We have done this both manually and with that command

cyli commented 6 years ago

Are you all using the 0.5.0 binary downloaded from the releases page, or building notary master? We had updated the encryption format for the keys, but that change never made it into any release of notary. It did however make it into a vendor into docker.

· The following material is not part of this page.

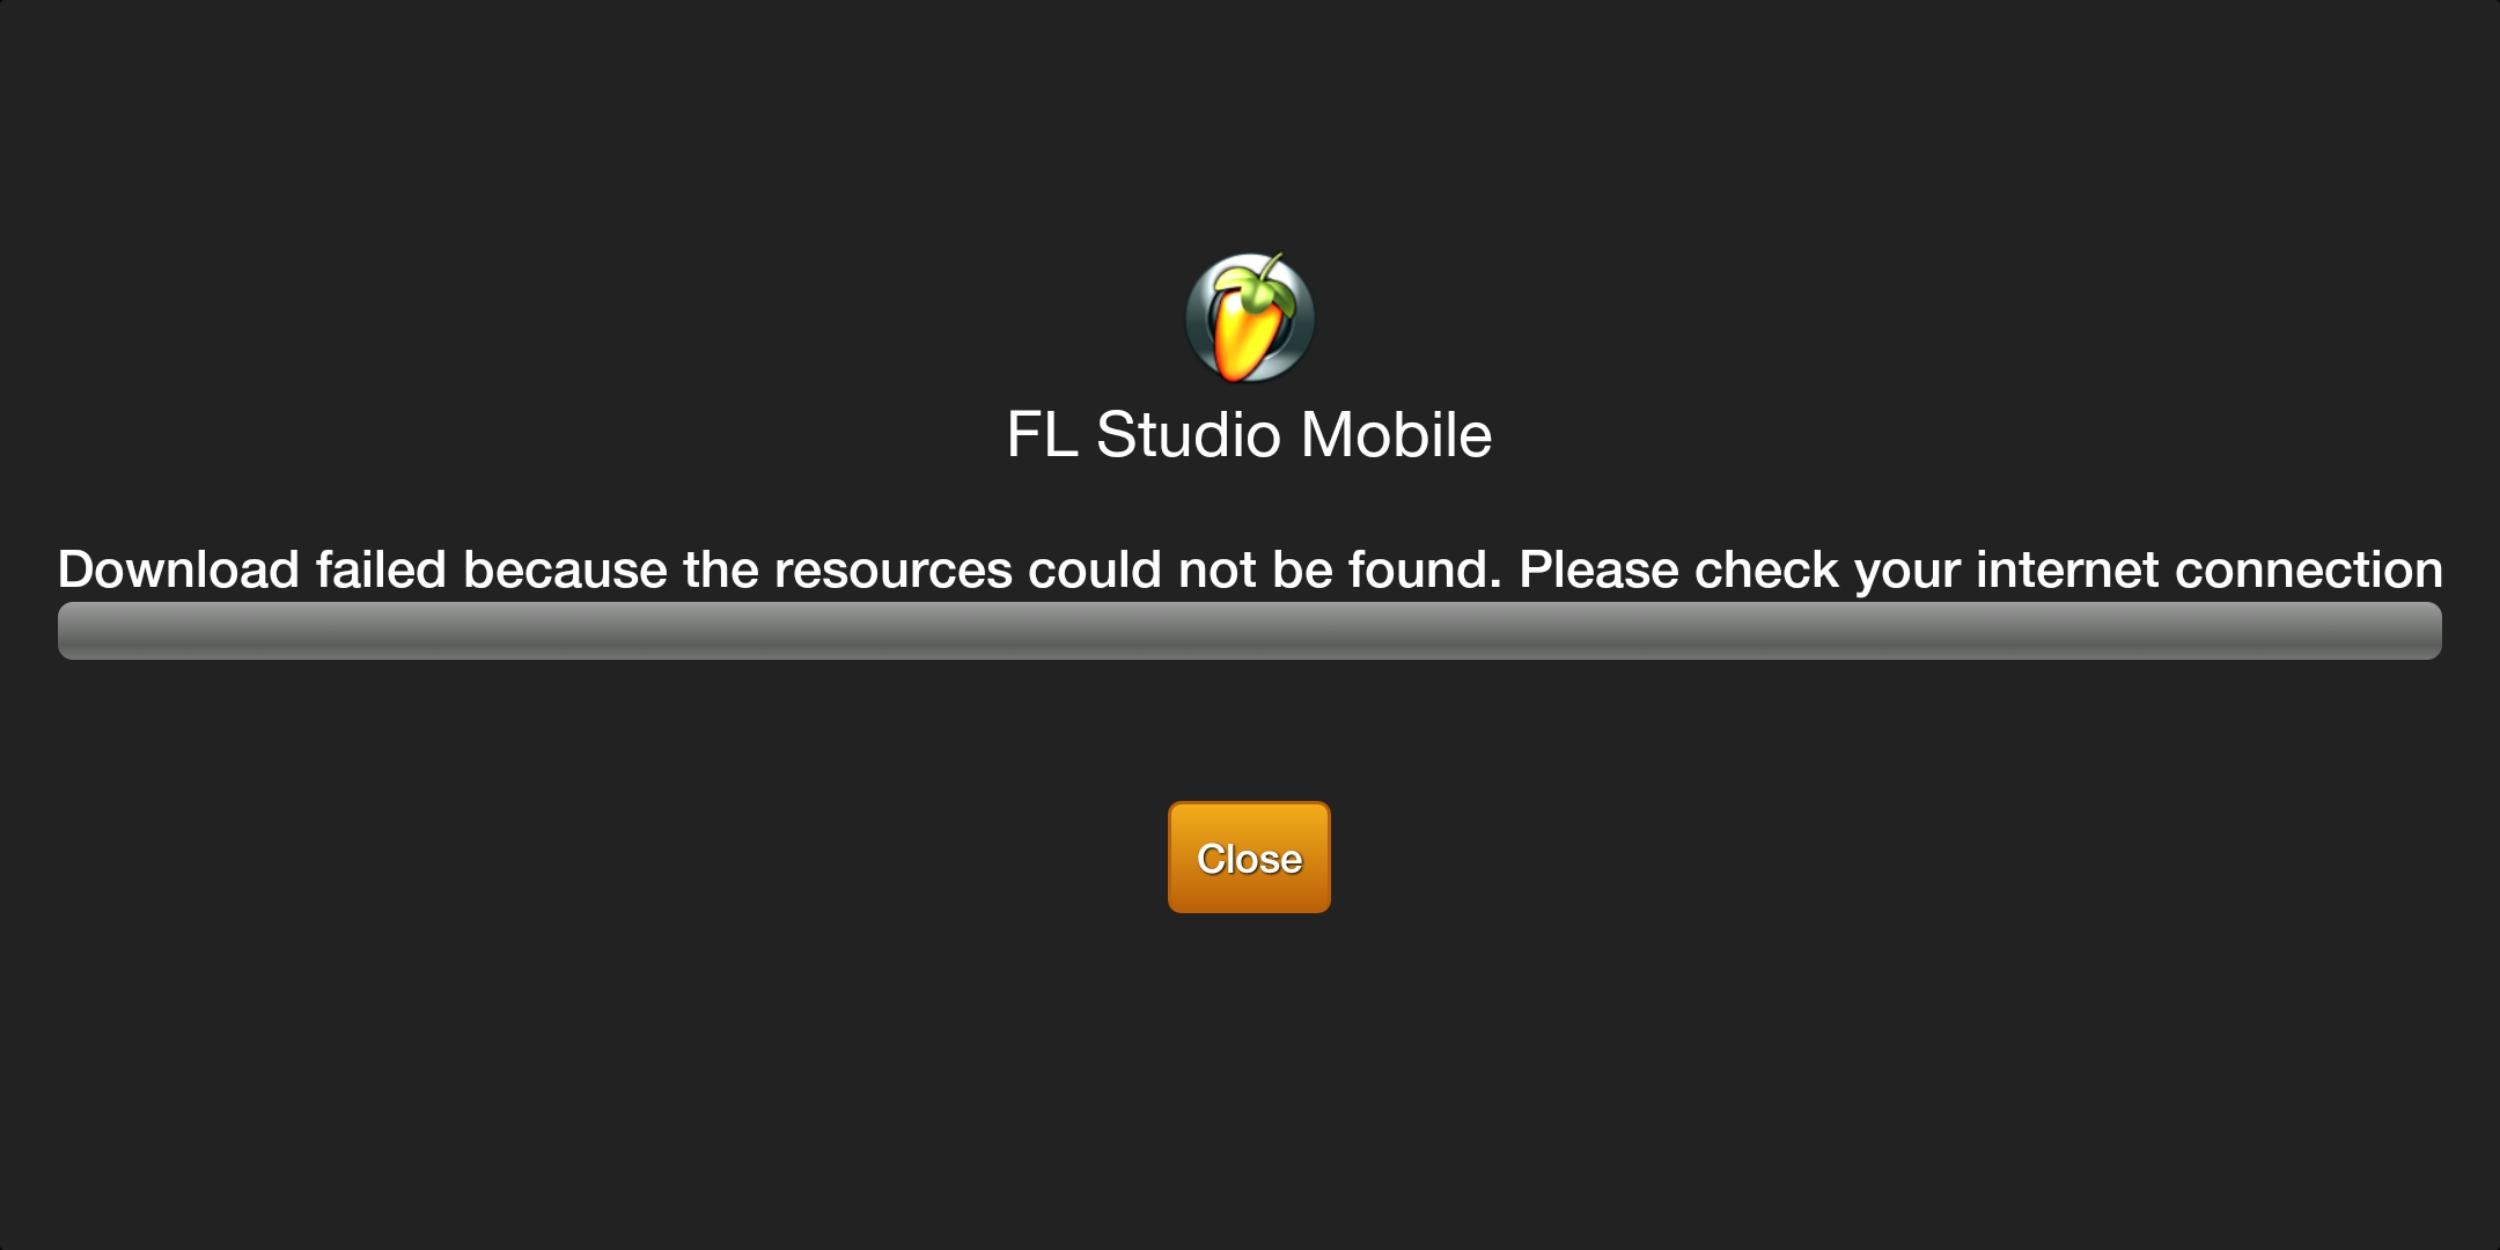 Screenshot_2018-10-30-12-53-51-869_FL Studio Mobile.png

So docker >= 17.12, notary master, and now notary 0.6.0 will generate keys using the new format, which looks like:

-----BEGIN ENCRYPTED PRIVATE KEY-----
MIHOMEkGCSqGSIb3DQEFDTA8MBsGCSqGSIb3DQEFDDAOBAjsfXVXuwOQnAICCAAw
HQYJYIZIAWUDBAEqBBB0O793rOzupOUavjLSiPmBBIGALJxsXCe8rLBfeviStIH0
A+1jCXUqXNm8D4npyNui/JRi/CjYPqgcO/2ulP8ppUAeTnLVQdhpv5ZOemK5ibMc
ECaNuzo40snnpve4duZEufkI9hXrO6MAMRT+G5ep1rKyIKboIPkzYUAdezj5ggUu
p1Gc8HB7j2SYjQX0Ybvlr6k=
-----END ENCRYPTED PRIVATE KEY-----

This format is not readable by notary < 0.6.0 and docker < 17.12, which generates keys which look like:

-----BEGIN EC PRIVATE KEY-----
Proc-Type: 4,ENCRYPTED
DEK-Info: AES-256-CBC,3e655dfb331a6d2c735edaa33d55d09a
role: root

UFAyzUyzA4htkgcvb+ZYa5Y7drX+OaJXHbZgYqawxH/OdY4mQ2bpLfExYCUJciL3
dmO5Qafrc6syYW0sk4pb/vdr/dbjmLK9IJjxZIHuv7NRqvLjnRq0C8RX+FYv3lGm
RgLLfnEKDm/gQvHWmb0rseBaWn3Ww7oXPnU5qQN/Cv4=
-----END EC PRIVATE KEY-----

Docker >= 17.12, notary master, and notary 0.6.0 can read the keys in this format, however, so they are backwards compatible with previous versions, just not forwards compatible.

Could that be the issue? If so, many apologies for the confusion - I've tried to document it here. https://github.com/theupdateframework/notary/pull/1311.

ankitsrao commented 3 years ago

Hi Team,

I'm maybe facing a simliar kind of issue.

Below are the steps I performed to sigh my image:

a) Generated signing keys, using below command: docker trust key generate demo-key

b) Allowed the public key to sign images docker trust signer add --key demo-key.pub demo-key <docker-repository/image>

c) Sign the image, using: docker trust sign <docker-repository/image:tag> When doing so, I receive the below error: image

Note : I can see the signers and keys added using the docker trust inspect command.

Please do let me know, if I'm missing anything.

Thanks.

Monishguru commented 3 years ago

@ankitsrao Can you please let me know how you fixed this?